In the case of a putative GDP mannose 4,6 dehydratase, the nonsense SNP, present only in strains from the TcI lineage, is located near the N terminus of the protein, therefore theoretically resulting in a complete truncation. Although there is a downstream ATG that could be used to produce a product with only a 11% reduction of its size, this product would lack the conserved NAD nucleotide binding motif GGxGxxG, and therefore we believe it cannot produce a functional protein. In another case, the presence of a nonsense SNP in one CL Brener Inhibitors,Modulators,Libraries allele, causes the shorter TcCLB. 506801. 70 allele to lose a potential glycosylphosphatidyl inositol C terminal anchor sequence, generating a potential significant change in localization of the protein.
The number Inhibitors,Modulators,Libraries of SNPs identified between Carfilzomib these two sequences is approximately twice the average found in other sequences. This, together with the observed diffe rences in sub cellular targeting signals, suggests that these alleles may have divergent functions. Another case invol ving a potential change in sub cellular localization due to a missing GPI anchor in one allele, was identified in align ment tcsnp,442281, encoding a puta tive proteins that belongs to the RNI like superfamily of leucine rich containing proteins, which are thought to me diate protein protein interactions. Distribution of SNPs in T. cruzi coding regions Next, we analyzed the distribution of SNPs along the coding region, and in the context of different sequence fea tures, trans membrane domains, signal peptides, globular vs unstructured regions.
We reasoned that the selection Inhibitors,Modulators,Libraries acting on the gene might be different in these different regions or domains. Based on this idea, we performed a number of comparisons, evaluating differences in the density of synonymous and non synonymous changes in Inhibitors,Modulators,Libraries one of these domains vs the rest of the protein. However, although some significant signal can be observed when per forming pairwise comparisons, these differences are not significant when using the complete data that includes alleles from TcI, TcII, TcIII, and TcVI. One of the features analyzed, was the presence of SNPs in natively unstructured domains. Several recent papers report an observation that natively unfolded domains can support higher non synonymous substitution rates. Based on predictions made using IUPred we identified globular and natively unstructured domains in T.
cruzi proteins.

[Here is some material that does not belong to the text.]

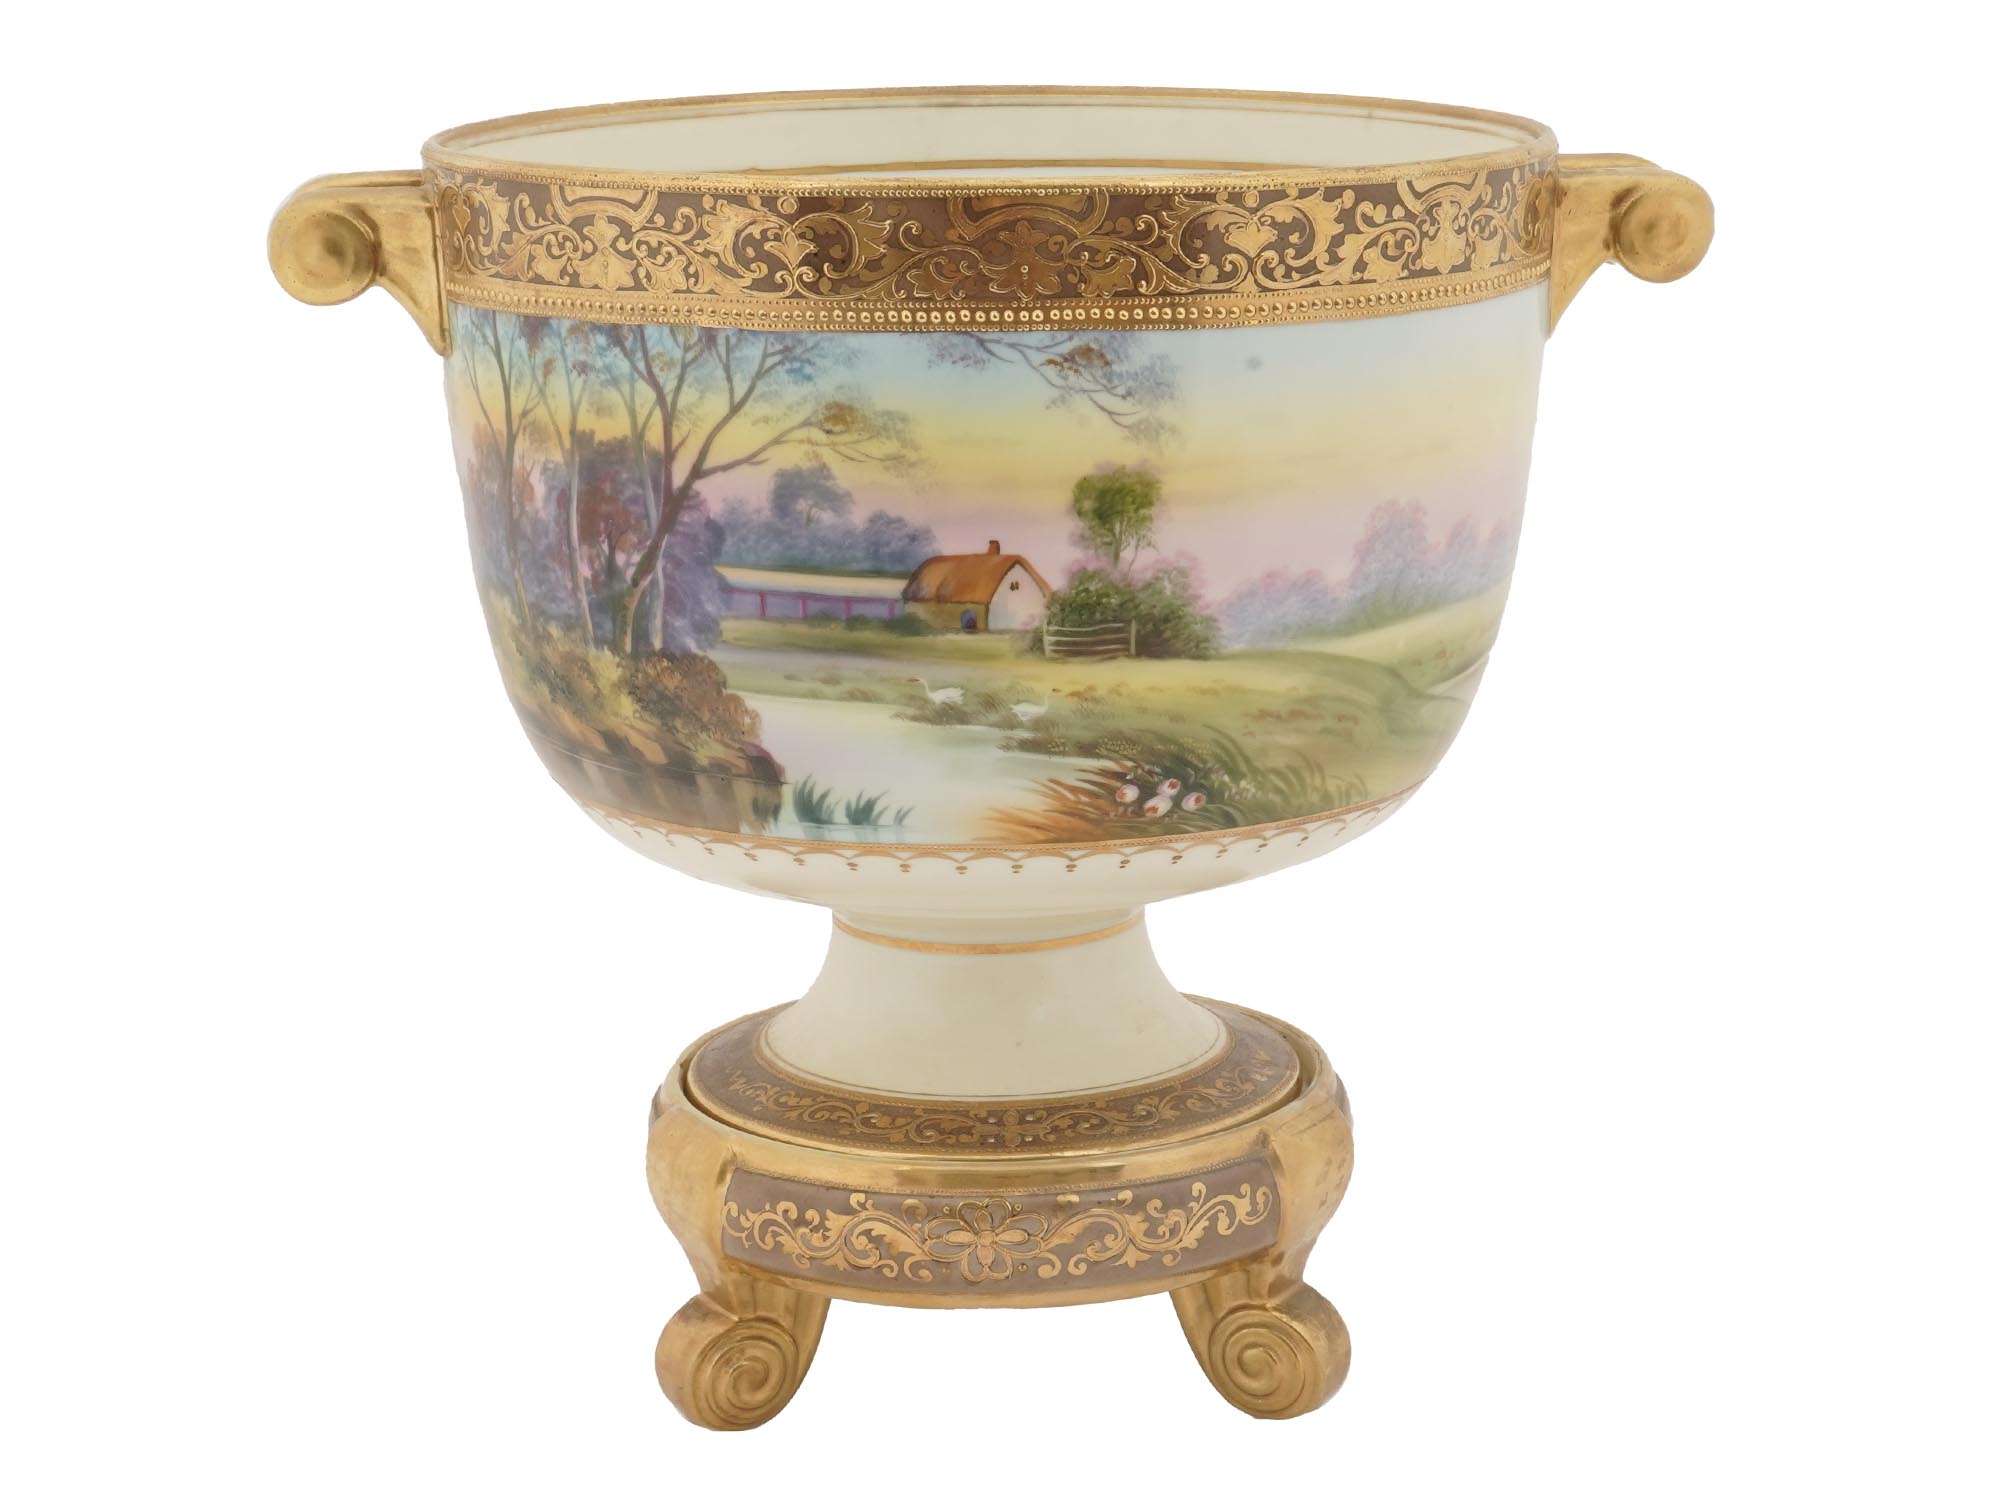 NIPPON WARE GILT PORCELAIN FLOWER POT WITH STAND PIC-0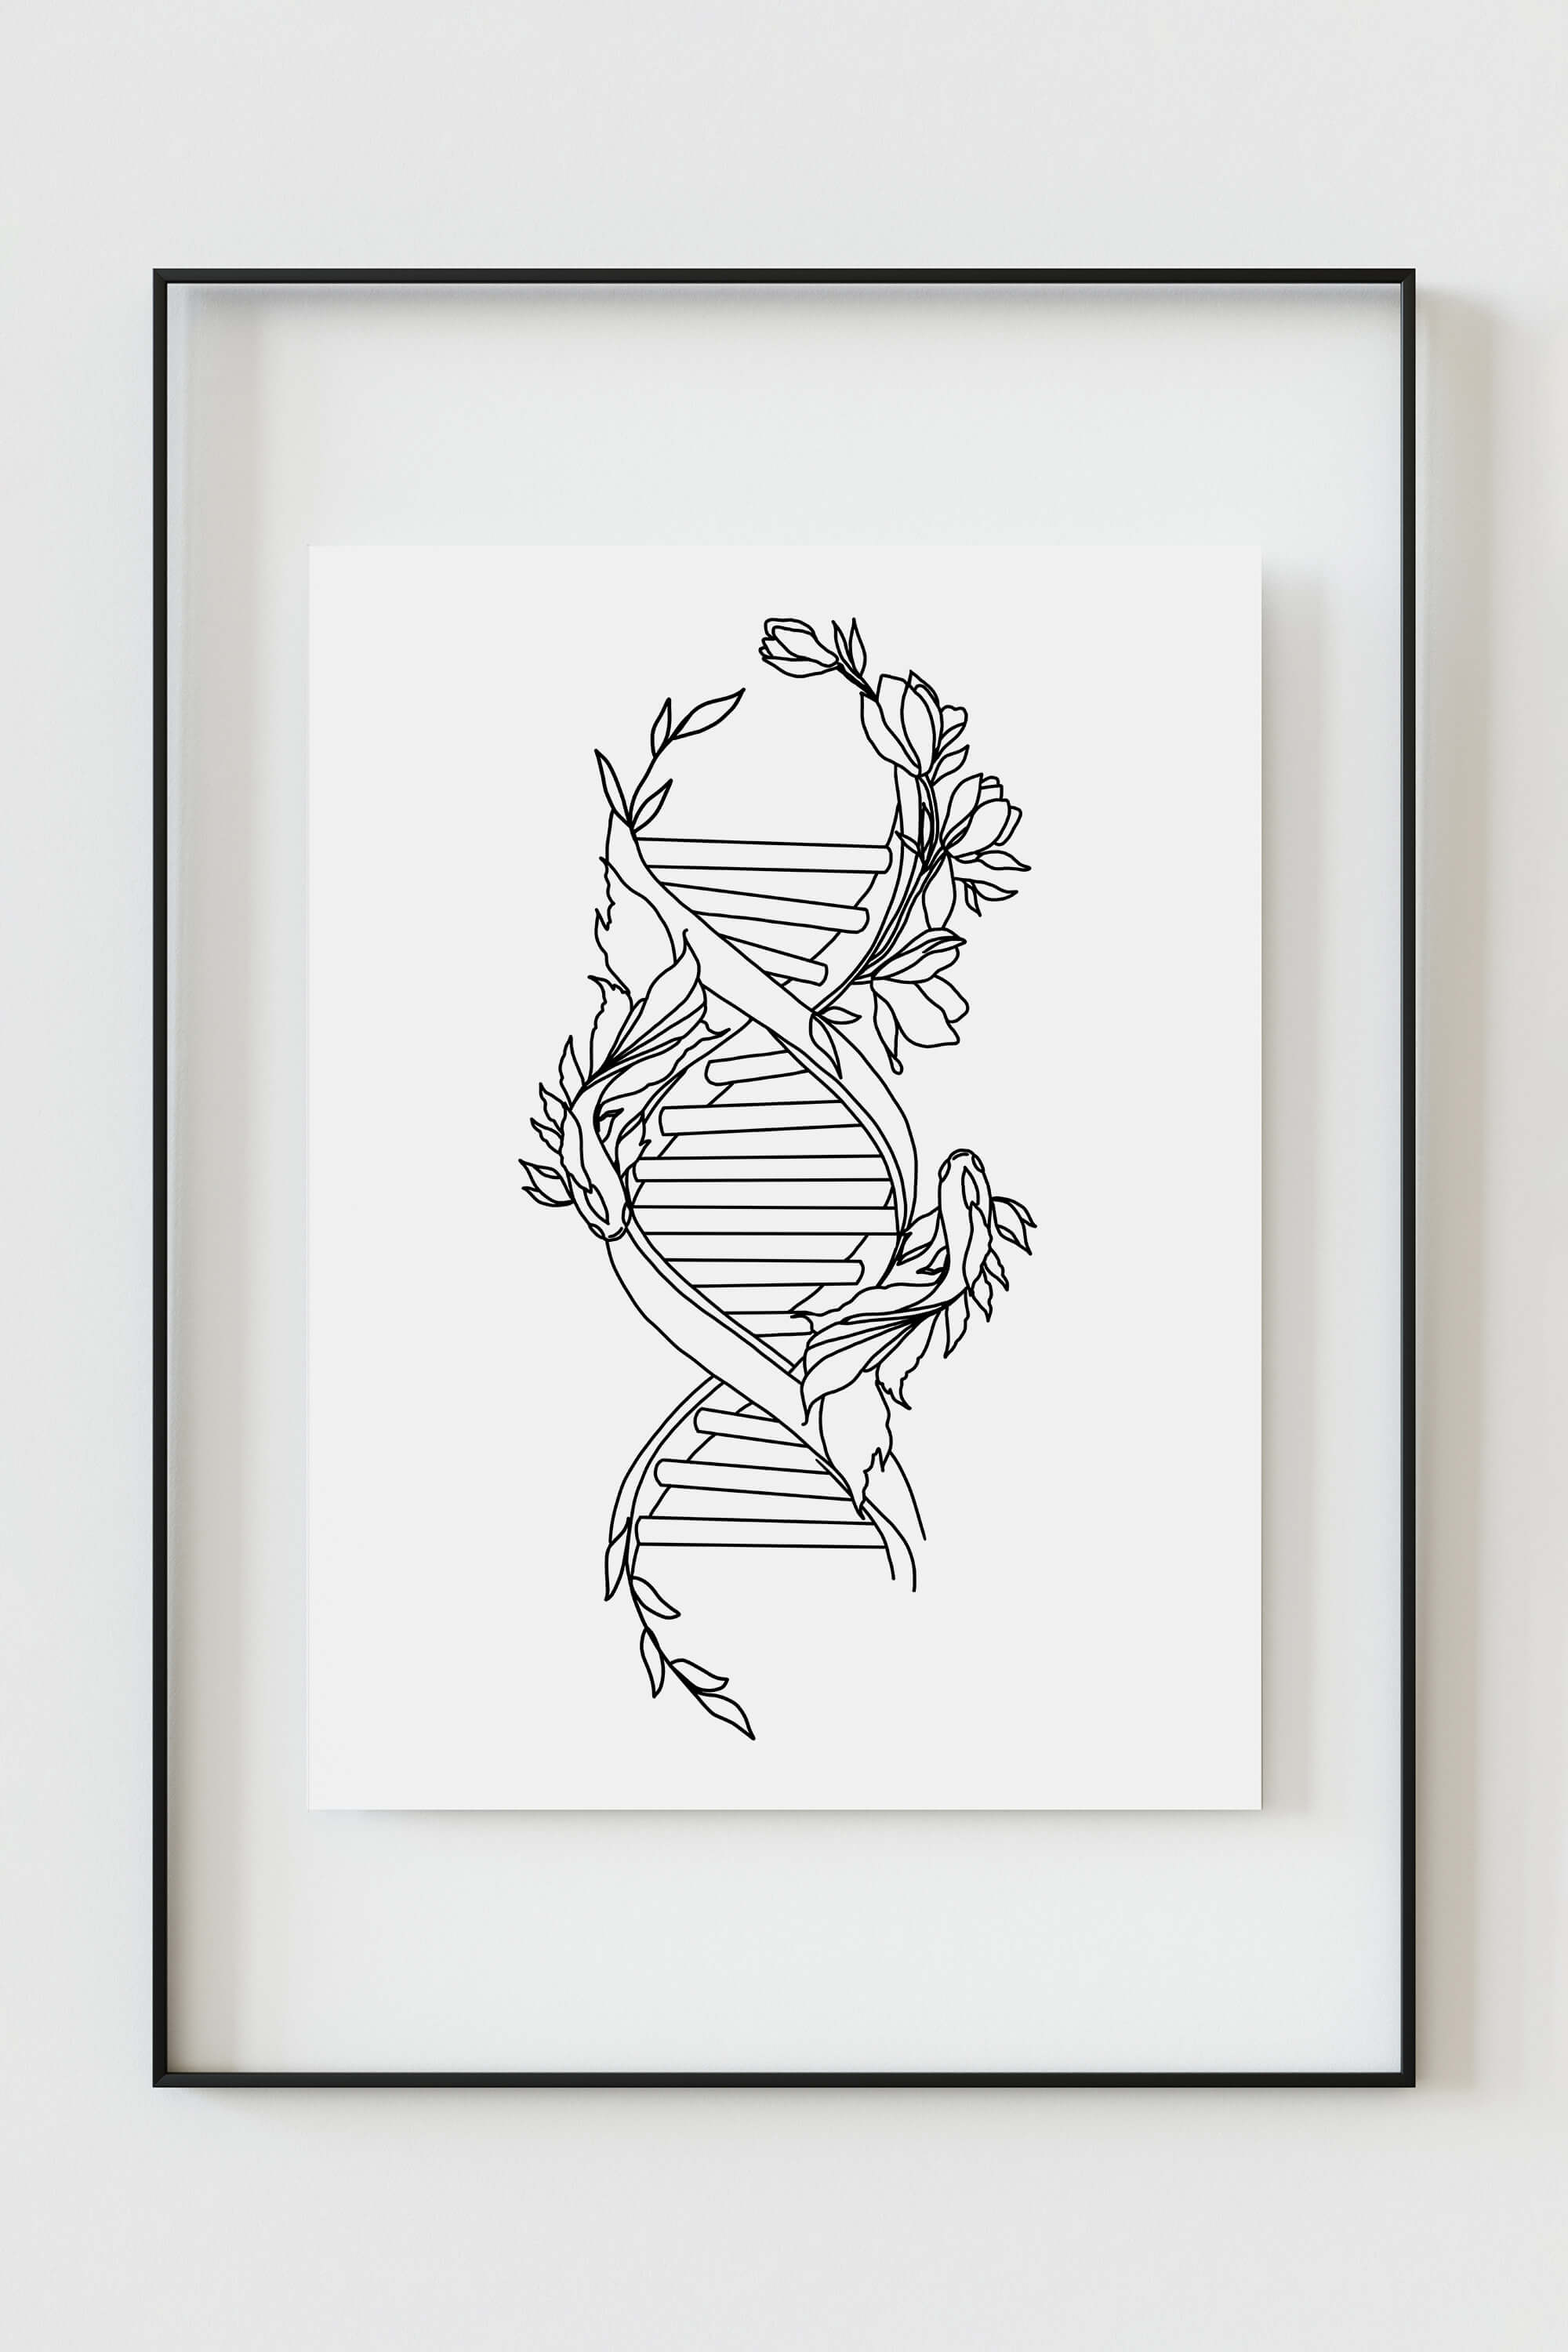 Sophisticated black-and-white art print elevating your science room with timeless elegance.

A comparison of the SNP density found in these regions showed no statistically significant differences. However, we did observe a great dispersion in the density of SNPs in non globular regions, with more outliers with higher densities of non synonymous SNPs in this category. Analysis of the functional annotation of these outliers showed enrichment in transporters, kinases and hydrolases. A particularly striking outlier is the TcCLB. 506553.